**Your objective:**
Would you repeat word for word the lines of the listing that follows, from the one with "Spodnie do jogi męskie" up to and including the one with "Good Teikyo University", and leave out the images?

**Dataset excerpts:**

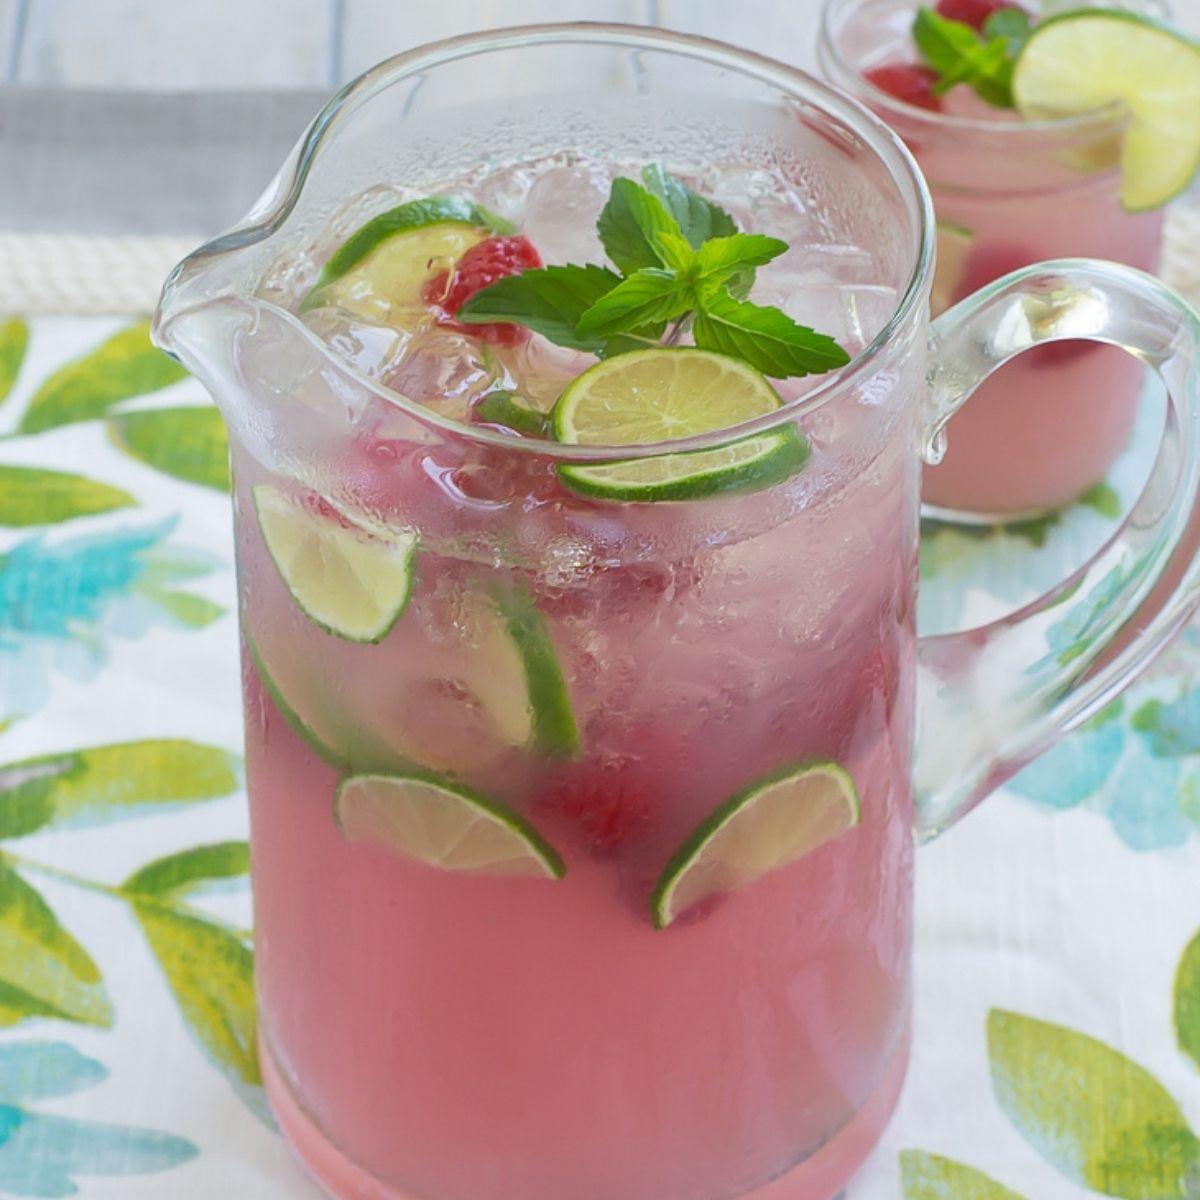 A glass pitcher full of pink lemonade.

--

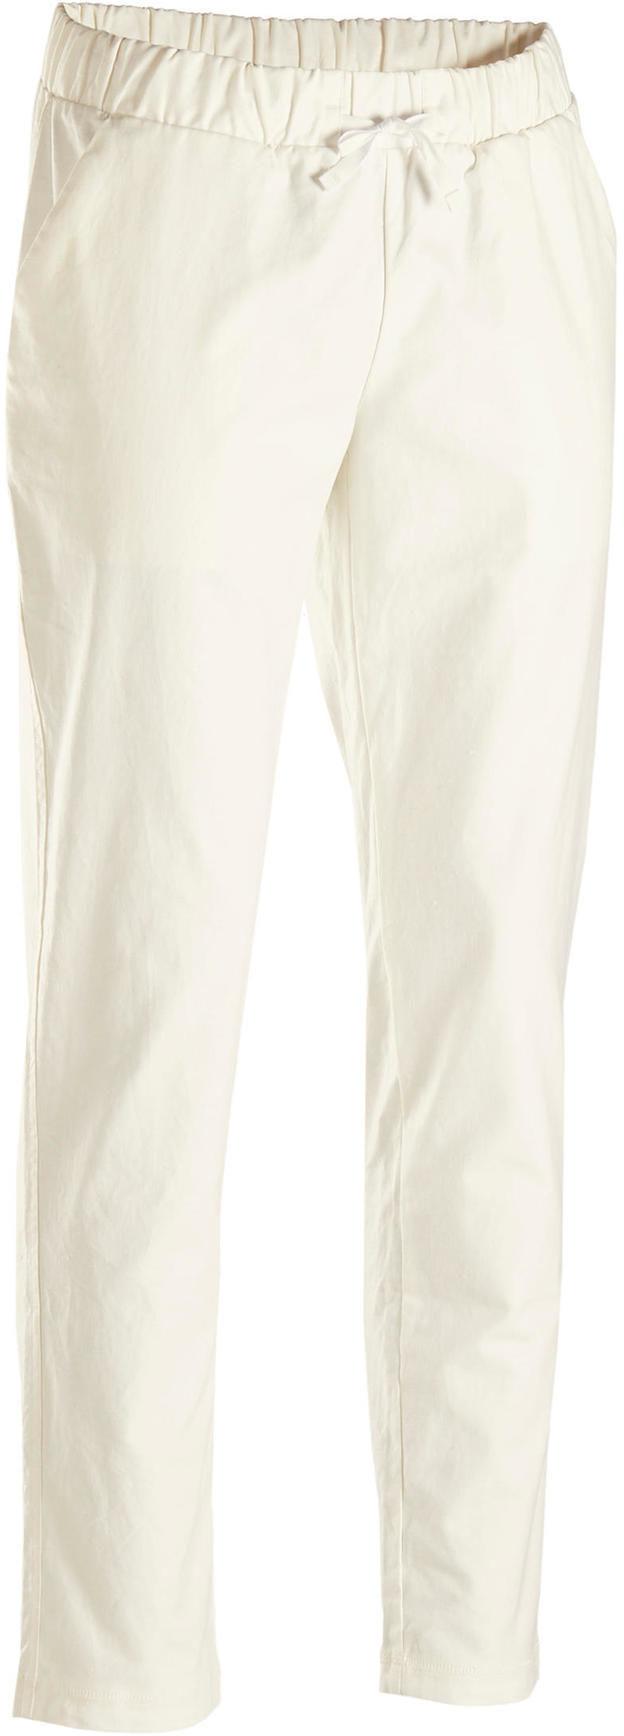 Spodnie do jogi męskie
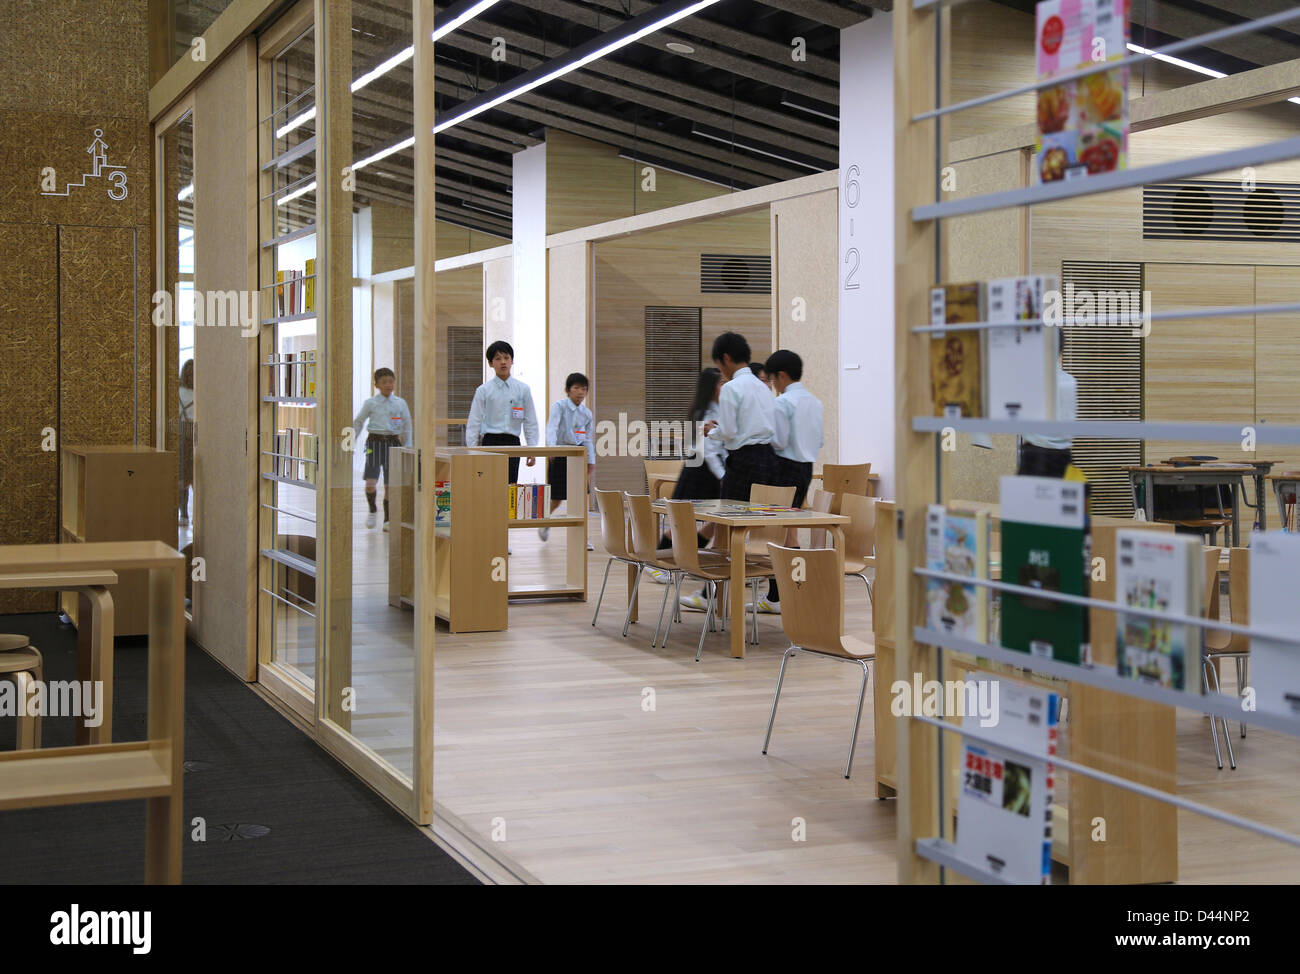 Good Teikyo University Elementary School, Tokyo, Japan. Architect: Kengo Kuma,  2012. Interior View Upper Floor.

==

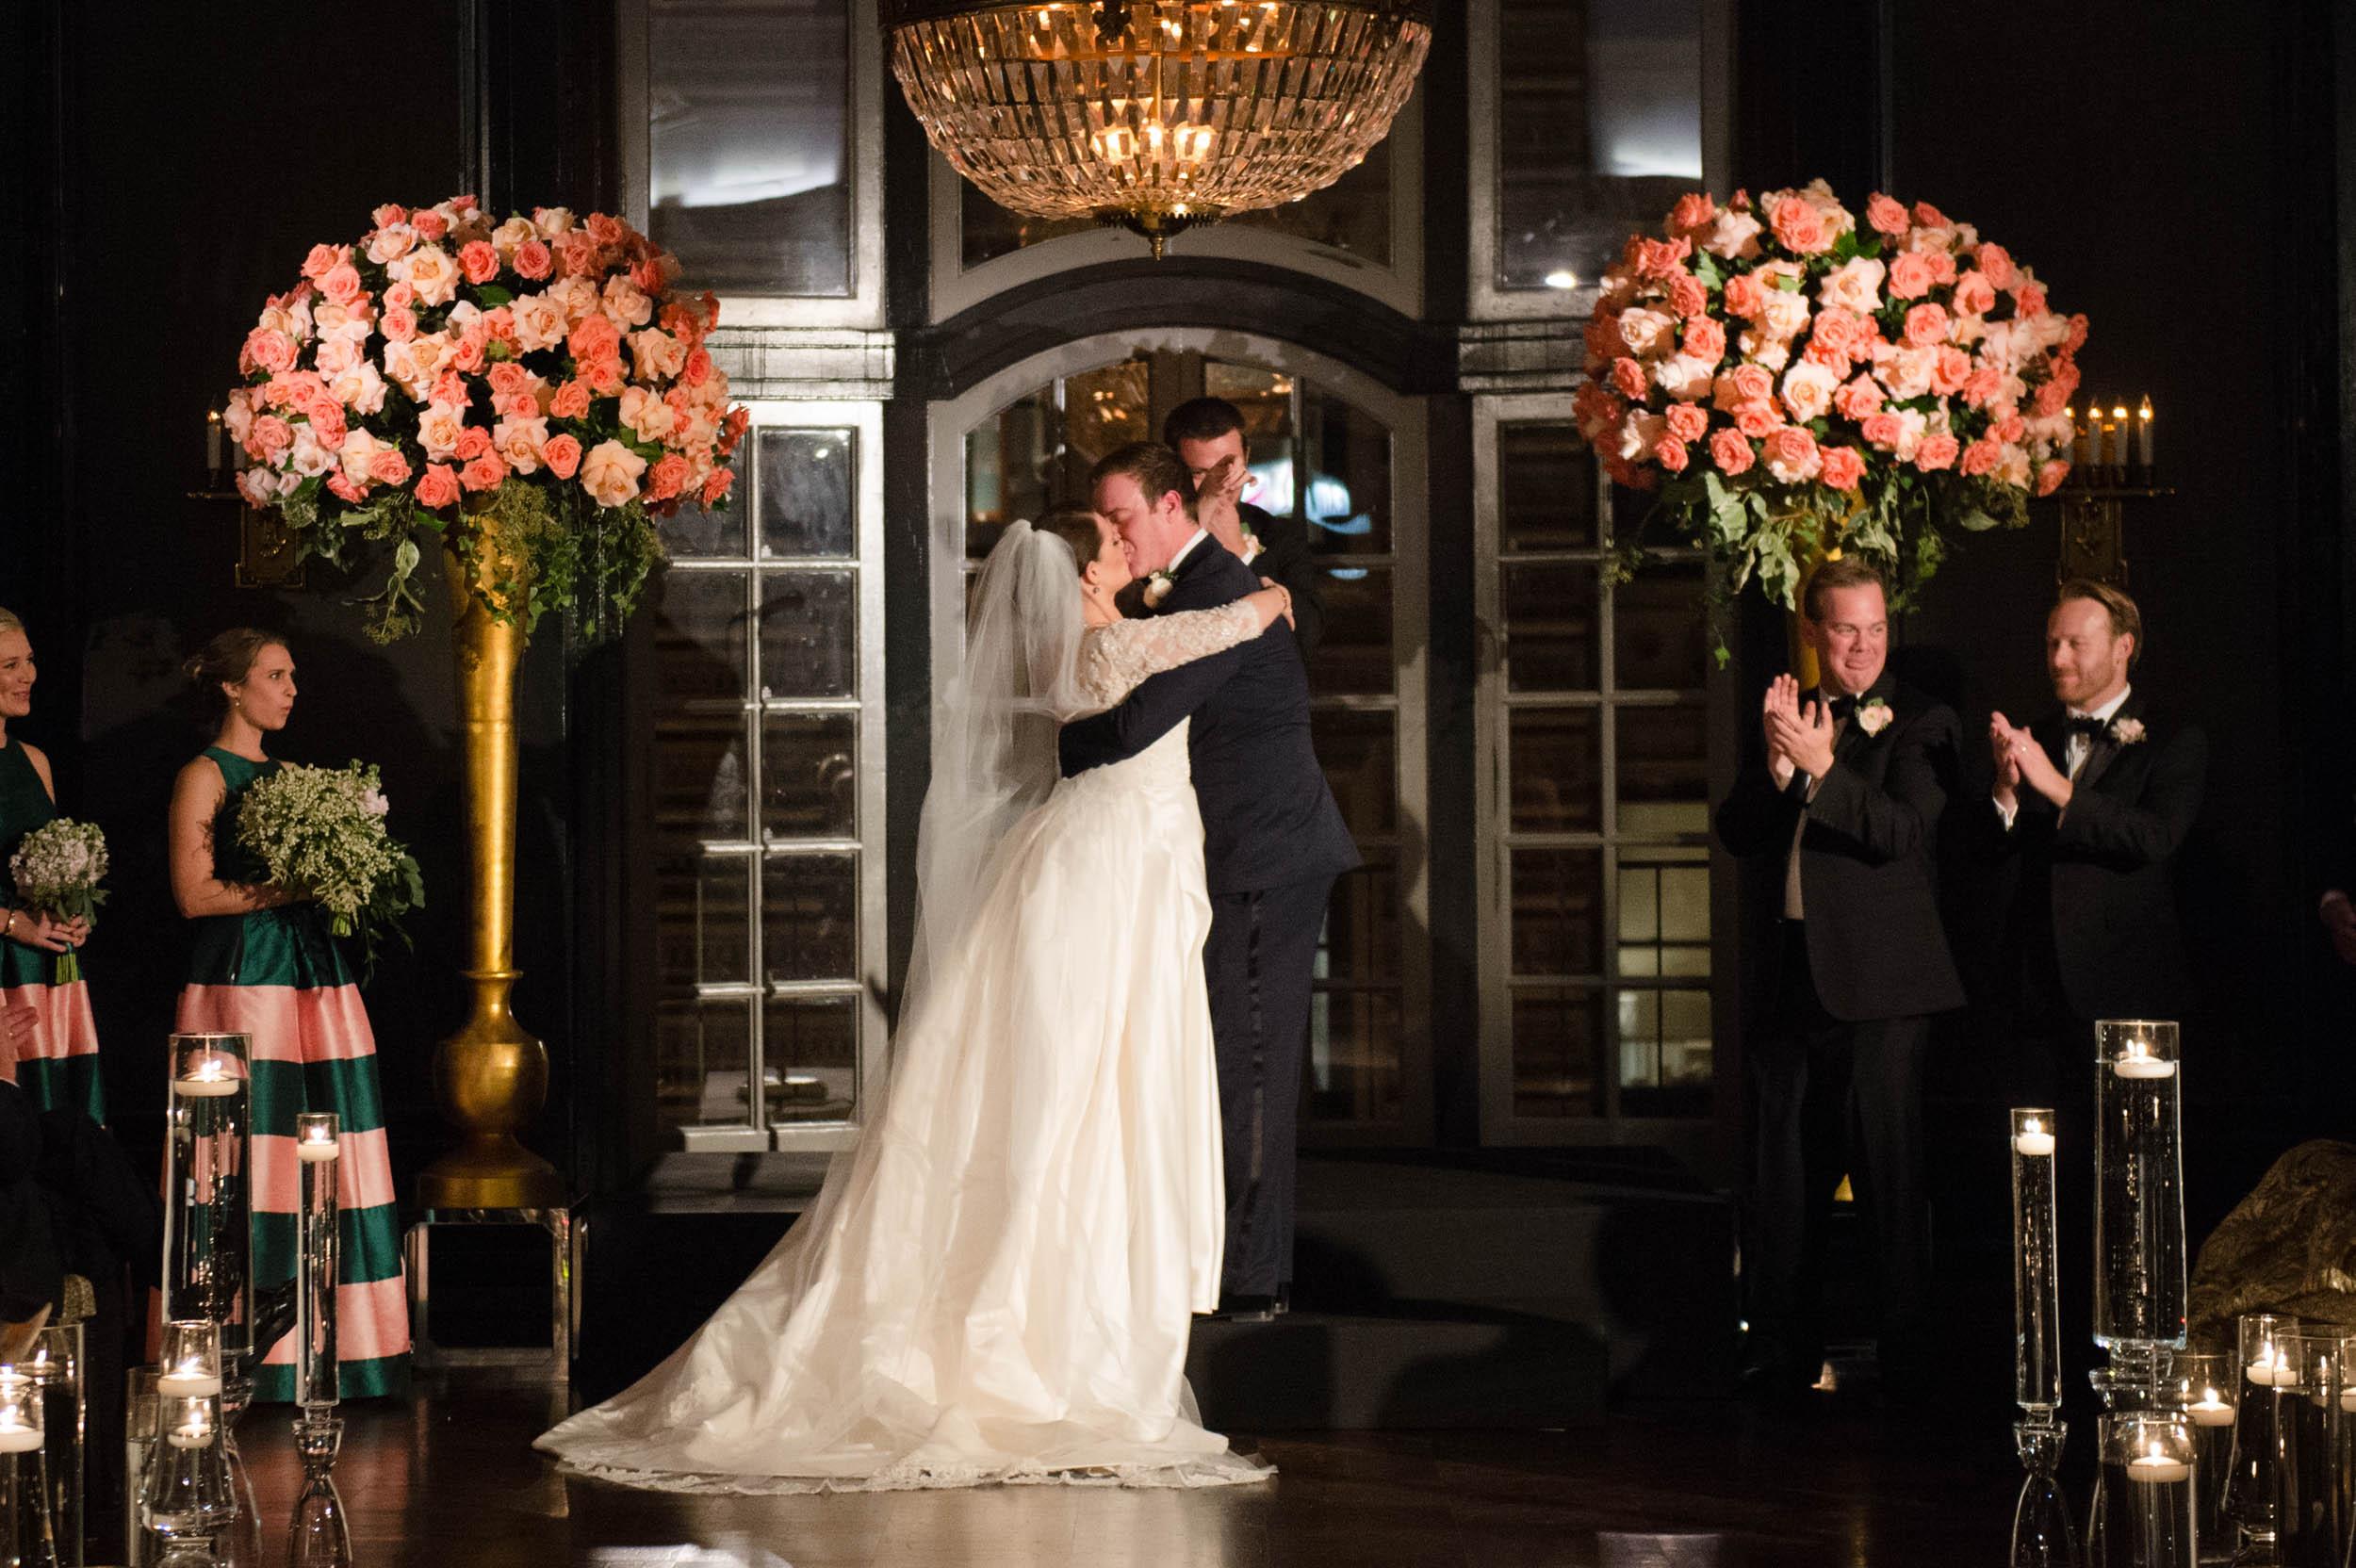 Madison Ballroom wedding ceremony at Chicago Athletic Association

**Answer to this task:**
 Spodnie do jogi męskie
 Good Teikyo University Elementary School, Tokyo, Japan. Architect: Kengo Kuma,  2012. Interior View Upper Floor.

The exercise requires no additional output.